Cooperation & promotion of humanitarian law
Cooperation with the Iraqi Red Crescent
In 2006, the ICRC strengthened its cooperation with the IRCS, to respond more effectively to the growing humanitarian needs. It signed an agreement with the society, covering assistance, tracing activities and dissemination of the Red Cross and Red Crescent fundamental principles.
Under the assistance agreement, the ICRC dispatched thousands of food parcels, hygiene kits, blankets, kitchen sets and jerrycans to various Red Crescent branches across the country for distribution to people affected by the violence. It also gave the IRCS logistical support.

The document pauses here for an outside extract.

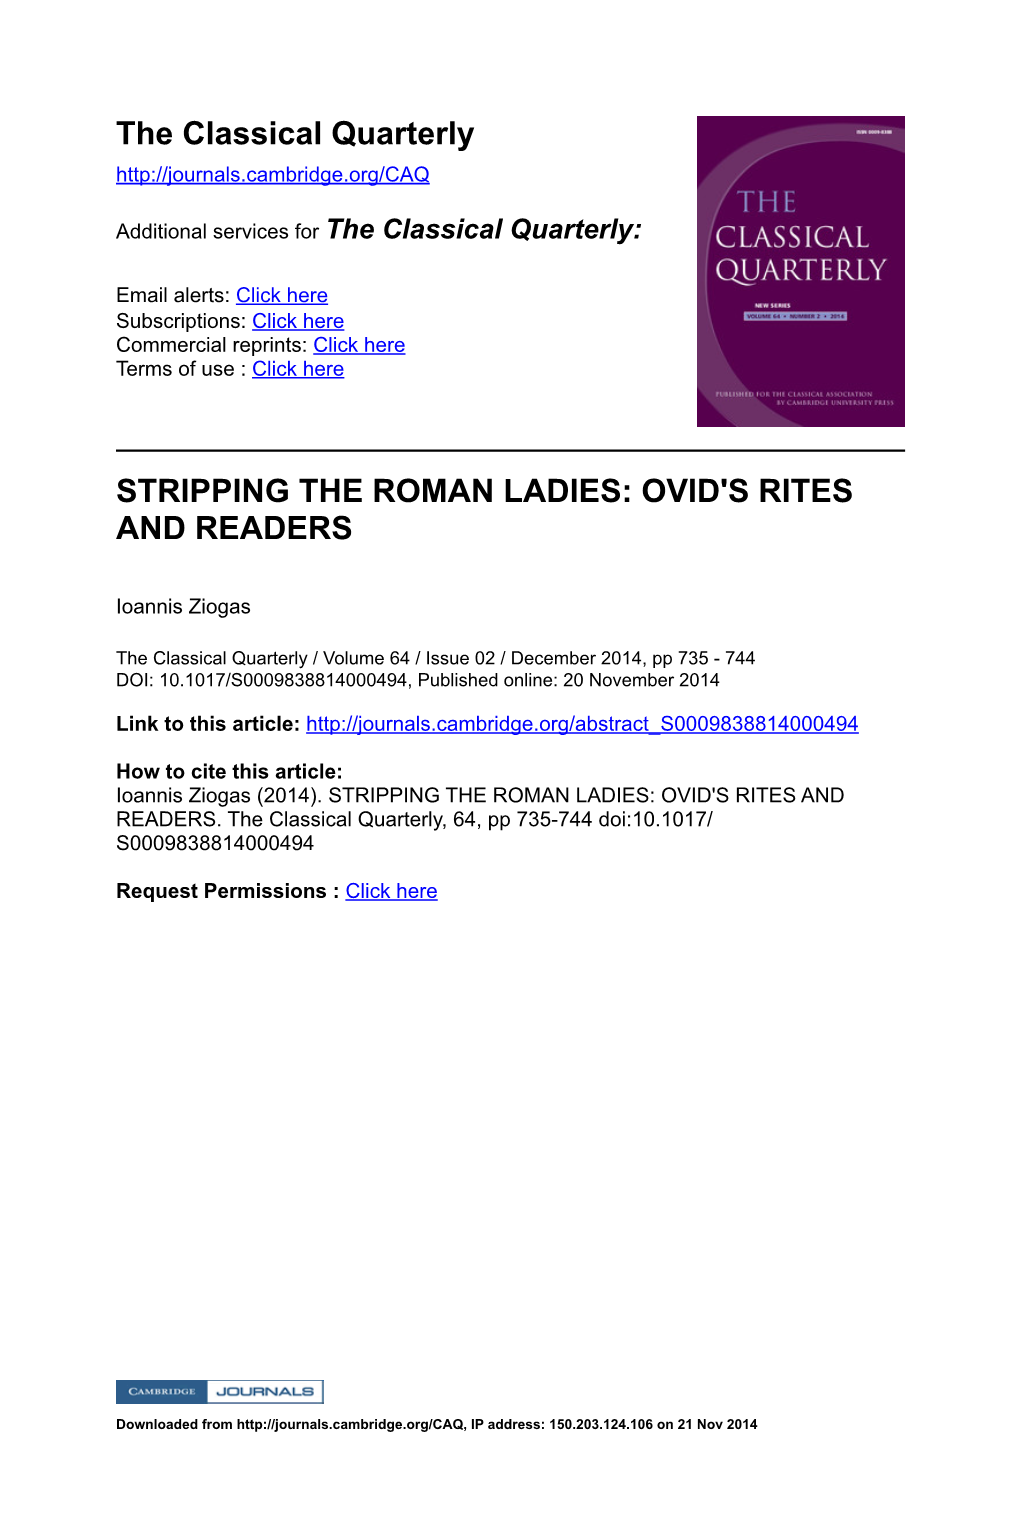 The Classical Quarterly STRIPPING the ROMAN LADIES: OVID's

The Red Crescent remained the ICRC's main partner in ensuring contacts between members of separated families. In the health sector, the ICRC and the IRCS launched health and hygiene projects in four locations in Dohuk and Basra governorates. The ICRC continued assisting the IRCS mine awareness and promotion programmes, through training as well as financial and technical support.
Promoting humanitarian law and principles
Throughout 2006, the ICRC continued to raise awareness of both international humanitarian law (IHL) and independent and neutral humanitarian action among different sectors of the Iraqi population; these included political and religious leaders, government officials, NGOs and academics/students.
The ICRC also continued to voice its concerns about the humanitarian situation in Iraq and violations of IHL. Some 20 Iraqi journalists were invited to workshops focusing on the importance of IHL in media reporting.